SMEs face many challenges in the process of reducing their cyber risk.
Because cyber risk is hard to understand, most SMEs lack knowledge of cyber risk and are incapable of handling these cyber risks on their own. Also, myriad cybersecurity solutions are available in the market, but SMEs lack access to reliable guidance on how to create a robust cyber risk management plan. And lastly, although cyber insurance is considered a cybersecurity solution, it is not easily accessible to SMEs.
To me, these findings are no surprise. I’ve helped conduct dozens of surveys over the years and have found lots of Franks out there – they either think they won’t be targeted or are overconfident in their security postures. A few years ago, CSO online colleague Steve Ragan covered a study by Office Depot and McAfee that showed just this. “McAfee says that SMBs are suffering from a false sense of security, basing their claims on a recent study conducted with Office Depot. Those who took part in the study showed a high degree of confidence that their data and devices were safe from attackers, despite industry research and evidence that proves otherwise,” Ragan wrote.

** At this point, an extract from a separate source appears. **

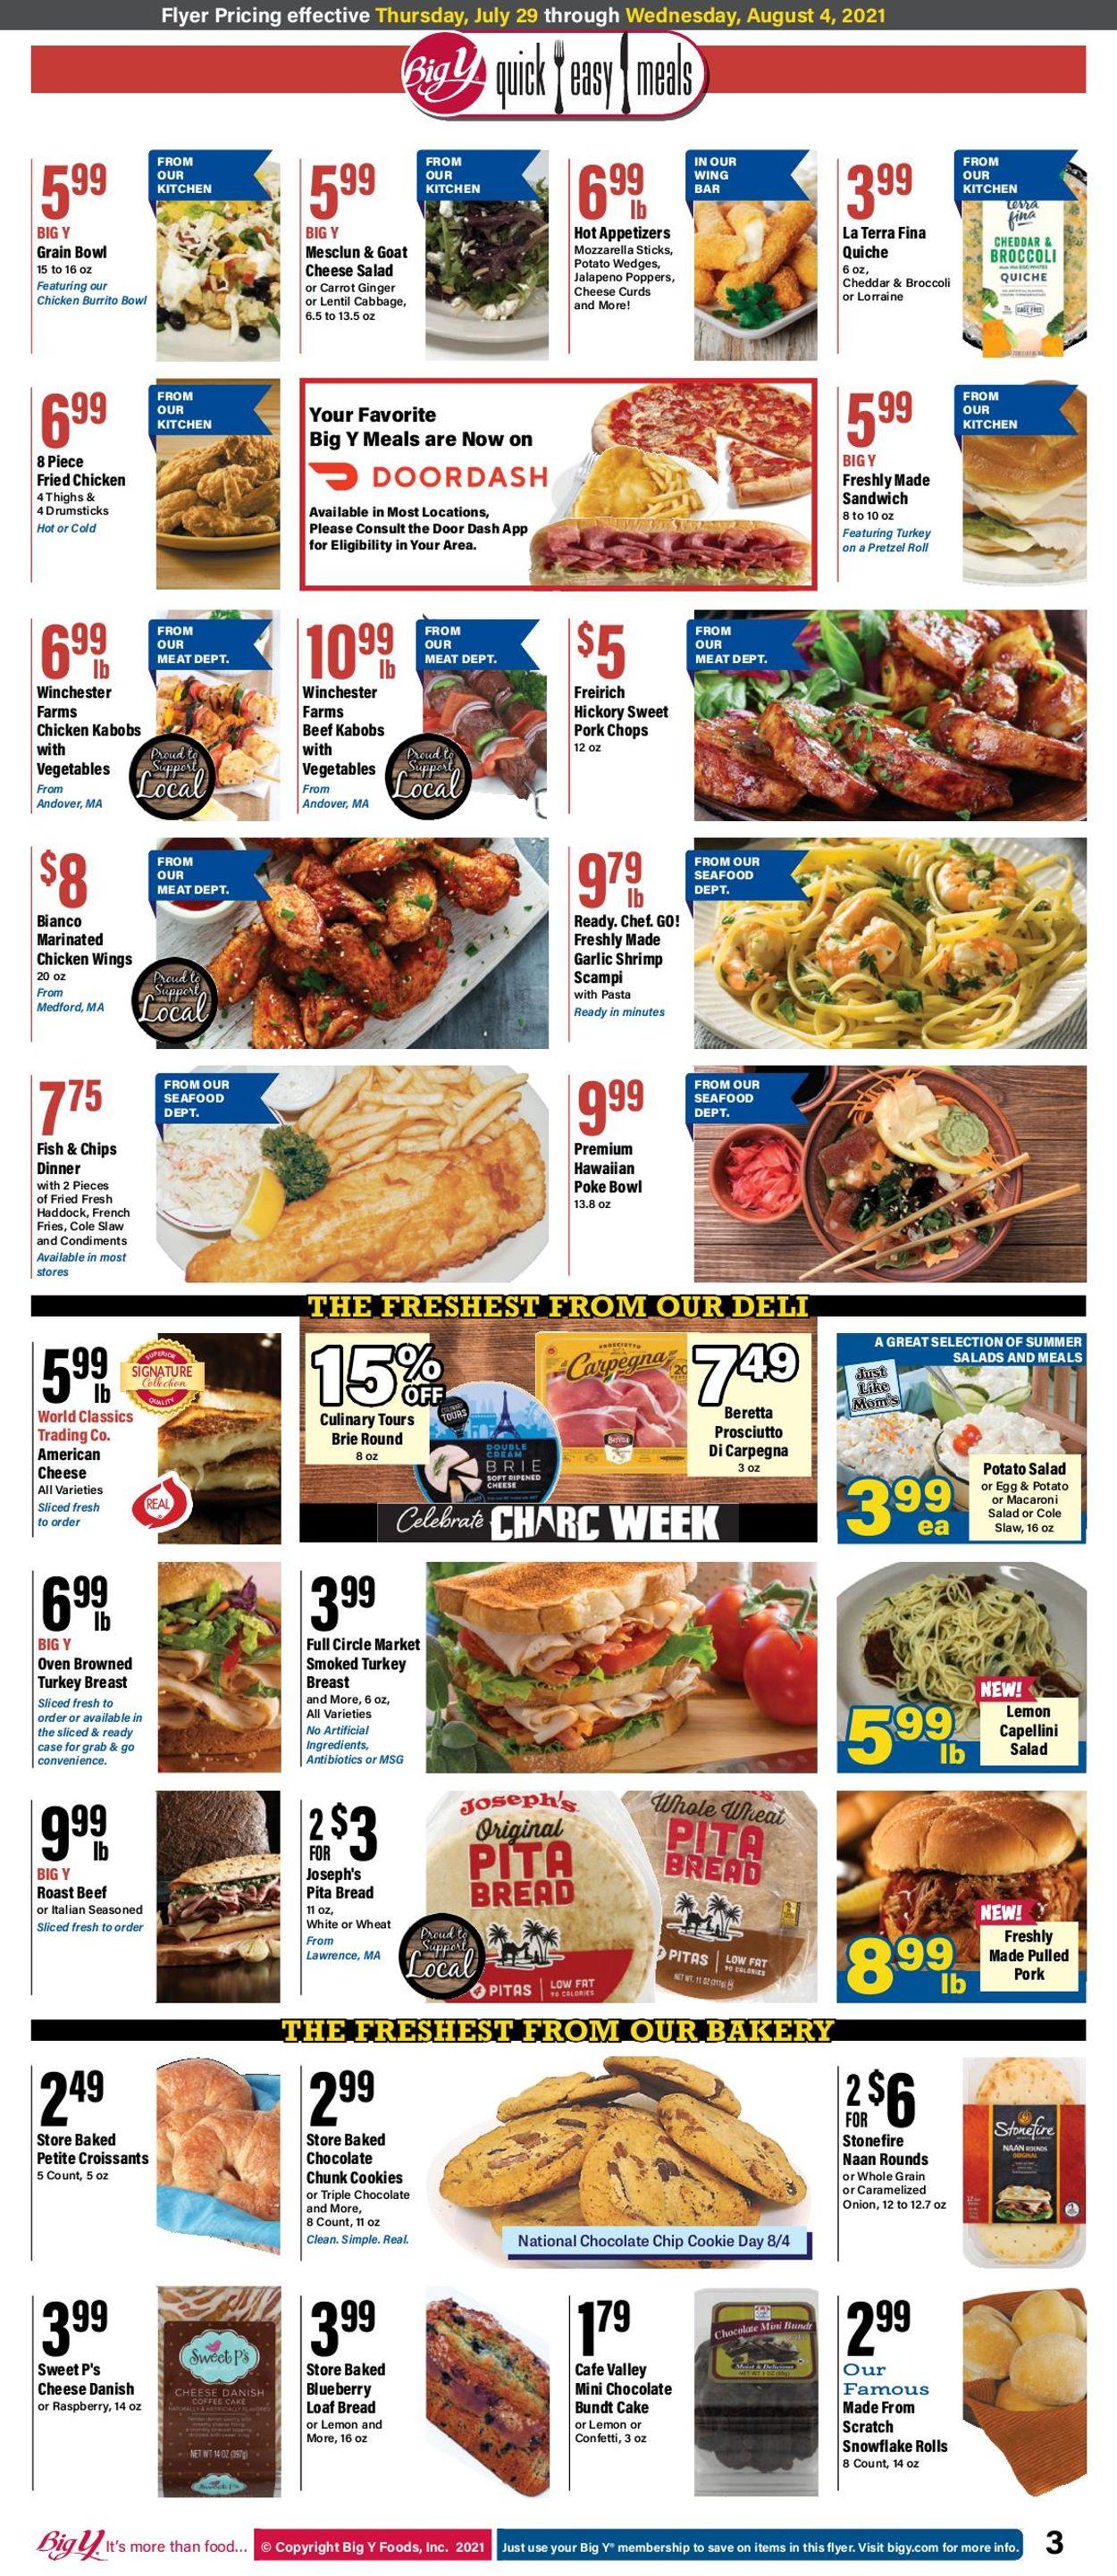 Big Y Weekly Ad Circular - valid 07/29-08/04/2021 (Page 3)

The study, consisting of 1,000 SMB survey respondents, found that “66 percent…were confident that their data and devices were secure and safe from criminal hackers, with 77 percent reporting that their organizations have never been attacked,” Ragan wrote.
But get this: “When asked for details, 80 percent of the respondents to Office Depot’s survey admitted to not using data protection. Only about half of them confirmed that they’re using email and Internet security measures,” he wrote. “And almost all of them—91 percent—said they don’t use endpoint or mobile device security. Yet, the frightening admission comes from the 14 percent of SMB owners who said they haven’t implemented security measures of any kind in their environment.”
Clearly, SMBs, start-ups, and even businesses that consider themselves too boring to target are actually targets and should take steps to protect themselves. I know I haven’t convinced Frank, but I also know that Frank is at risk of paying a big price one day for playing ostrich.